Unlike delta-9 THC, federal regulations are silent on these compounds, enabling anyone to legally purchase products in states that haven’t banned them either.
In addition, cannabis companies are attempting to differentiate themselves in this newly competitive marketplace, said Jonathan P. Caulkins, PhD, a public policy professor with Carnegie Mellon University in Pittsburgh.
“Nobody wants to sell just plain cannabis,” he said. “There is enormous creativity in the marketplace right now” and that is “a driver” of CBG and CBN products in particular, he added.
The result: Many patients and some practitioners are trying these products.
Practitioners report mixed results. Tishler and Mikhail Kogan, MD, who direct George Washington University’s Center for Integrative Medicine, have tried CBN in insomnia patients. But Tishler has “not found it to be better than standard THC-dominant cannabis products,” he wrote.
Kogan has trialed CBG as an appetite stimulant, especially for older adults — but “it seems to be unpredictable,” he said.
Neither Kogan, Tishler, nor Ahmad (also a New York University professor) indicated they have used delta-8 with patients, nor are they considering doing so any time soon. The Association of Cannabis Specialists is working on an advisory statement outlining its concerns regarding delta-8, Tishler wrote.
“It could all just be a commercial gimmick for all I know; none of this has been demonstrated anywhere so I’d be very cautious,” Kogan said.

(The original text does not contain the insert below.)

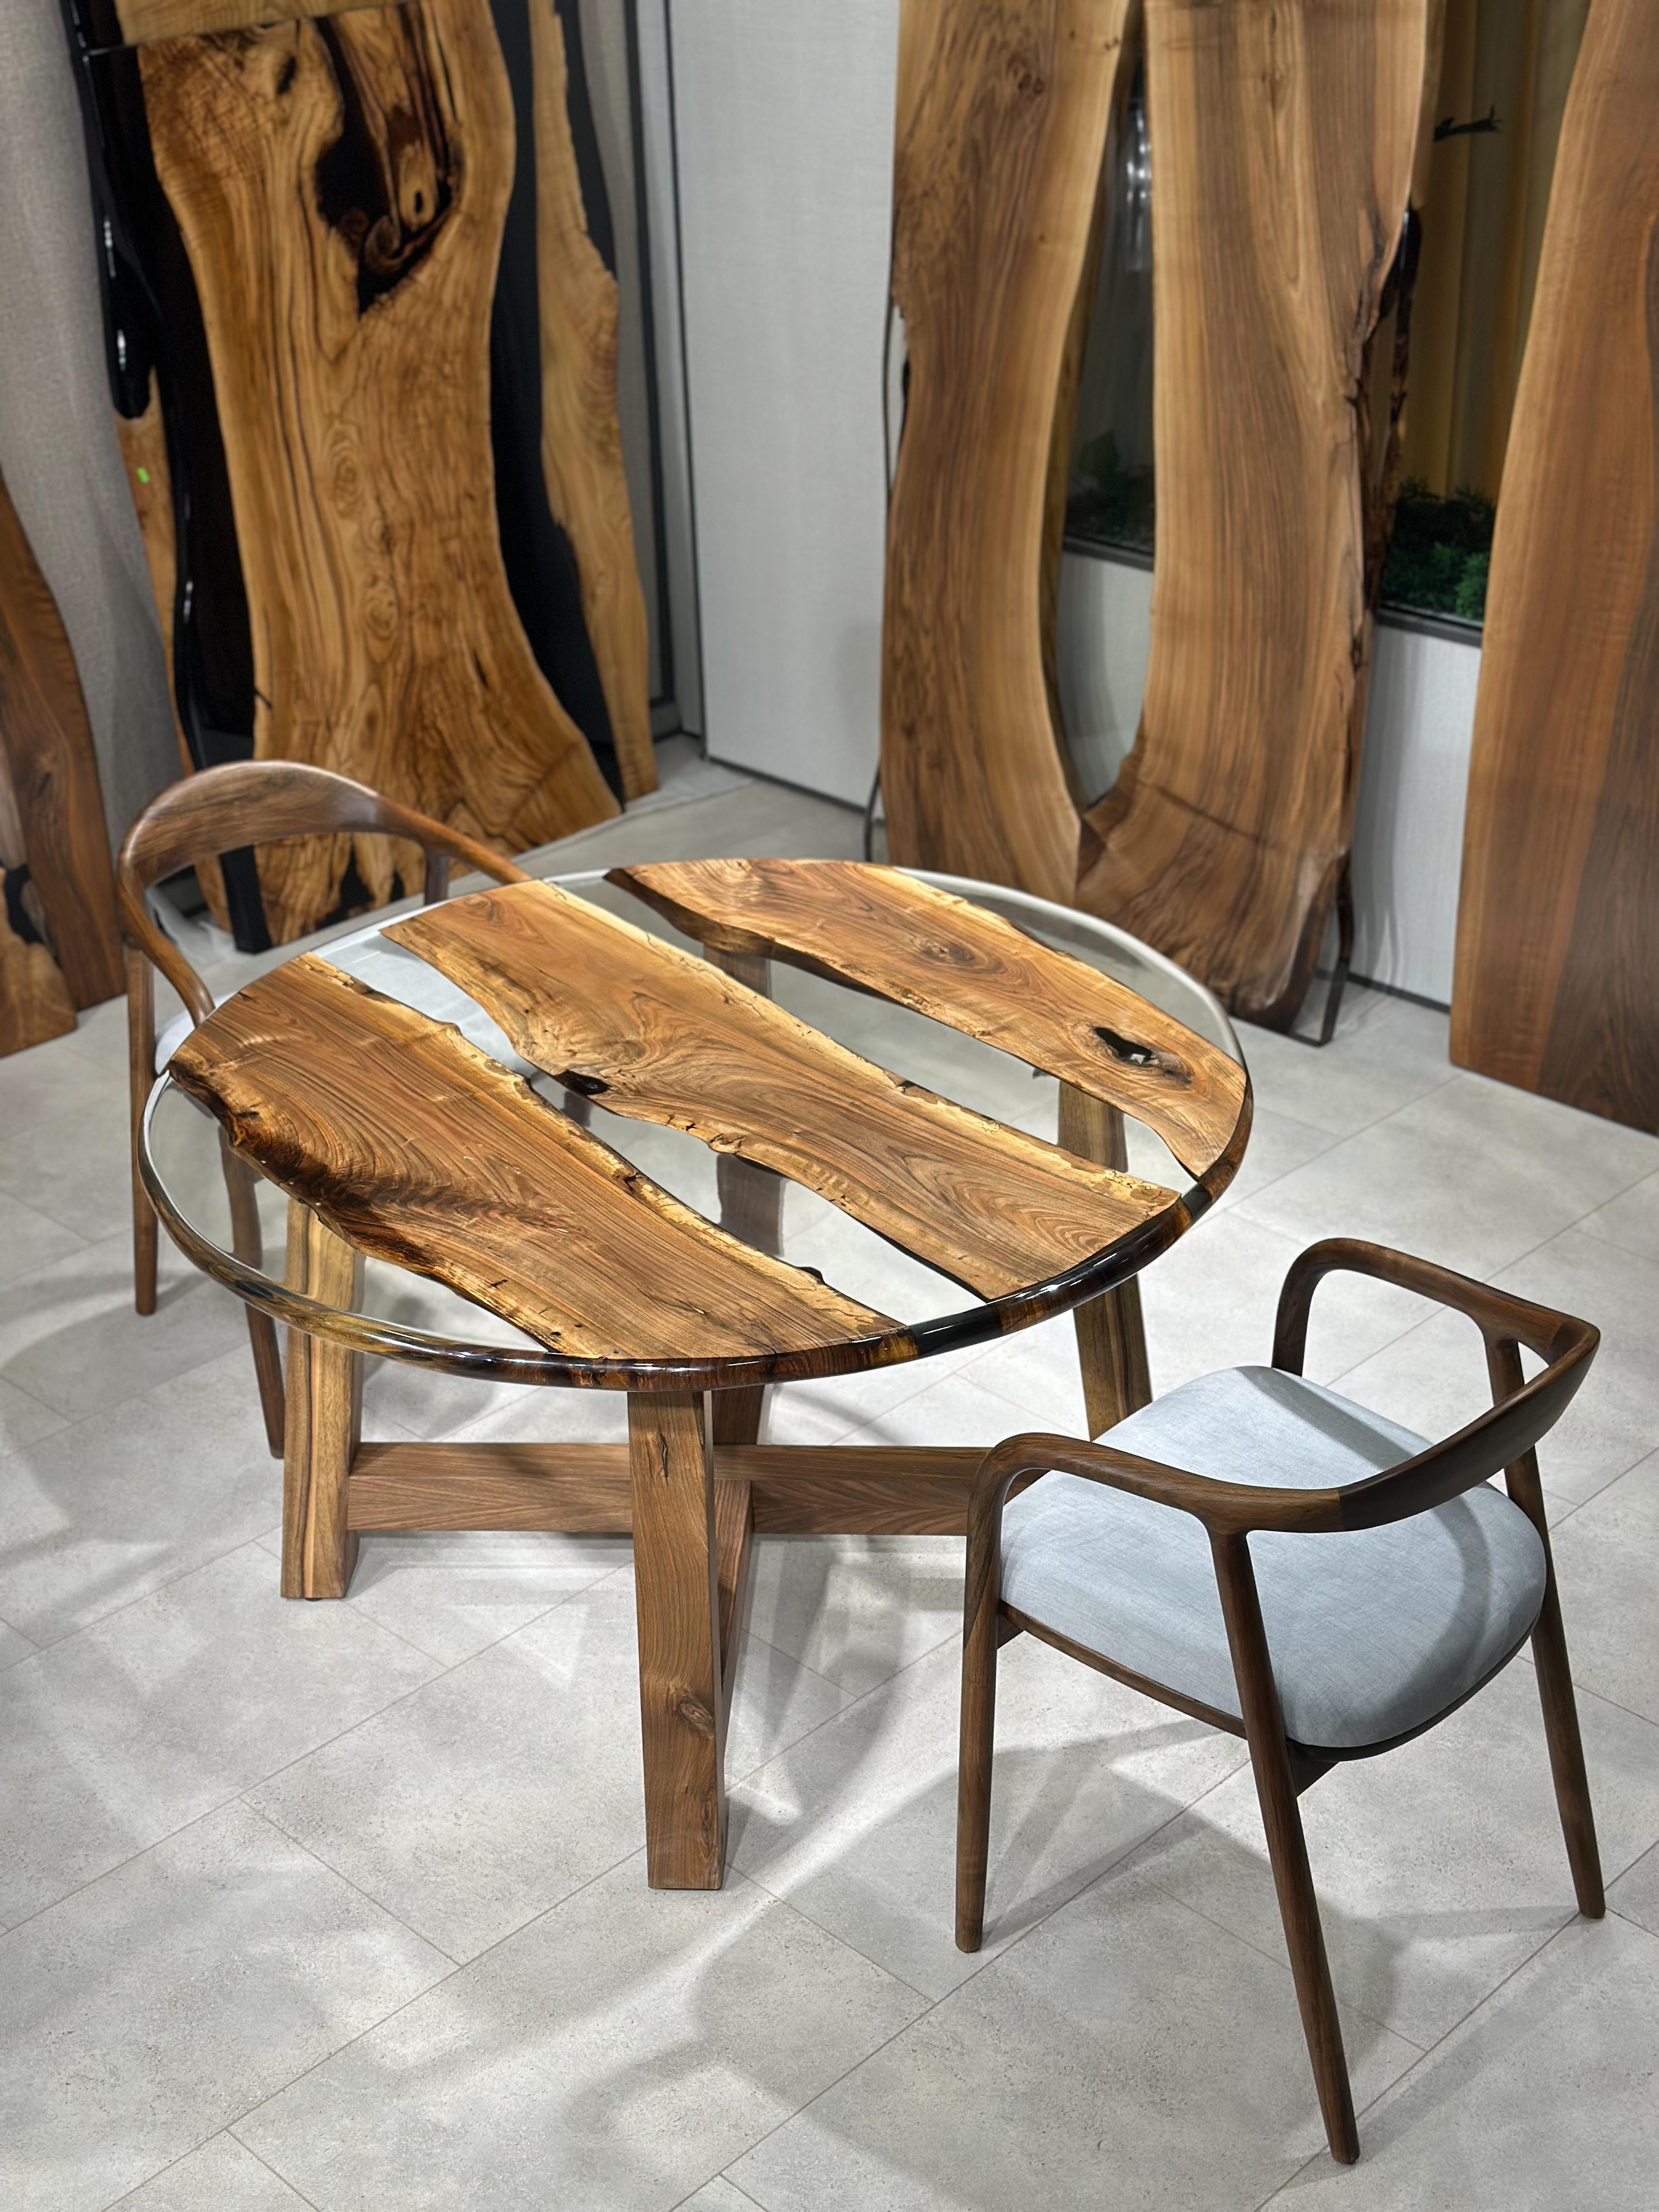 Turkish Wooden Clear Transparent Round Resin Table For Sale

Regarding all three compounds, Tishler wrote, “I would not recommend them.”
But, Kogan said, “The reality is it’s going to move forward whether we like it or not.”
For example, Biomedican, a biosynthesis company, hopes to have a CBG-based pharmaceutical drug ready for production within a year, officials told MedPage Today. And CBG- and CBN-based products will continue to emerge on the market, said Michael Sassano, CEO of SOMAI Pharmaceuticals.
That’s partly because manufacturers are ahead of research and regulation. “This is going to be consumer-driven,” Kagia said.
Still, that will likely take some time. About half of the general public knows nothing about THC, he said, citing a New Frontier survey conducted last year.
The bottom line: “There’s a lot of controversy around all three [compounds],” Kogan said. “None of them have any significant evidence; that’s the problem.”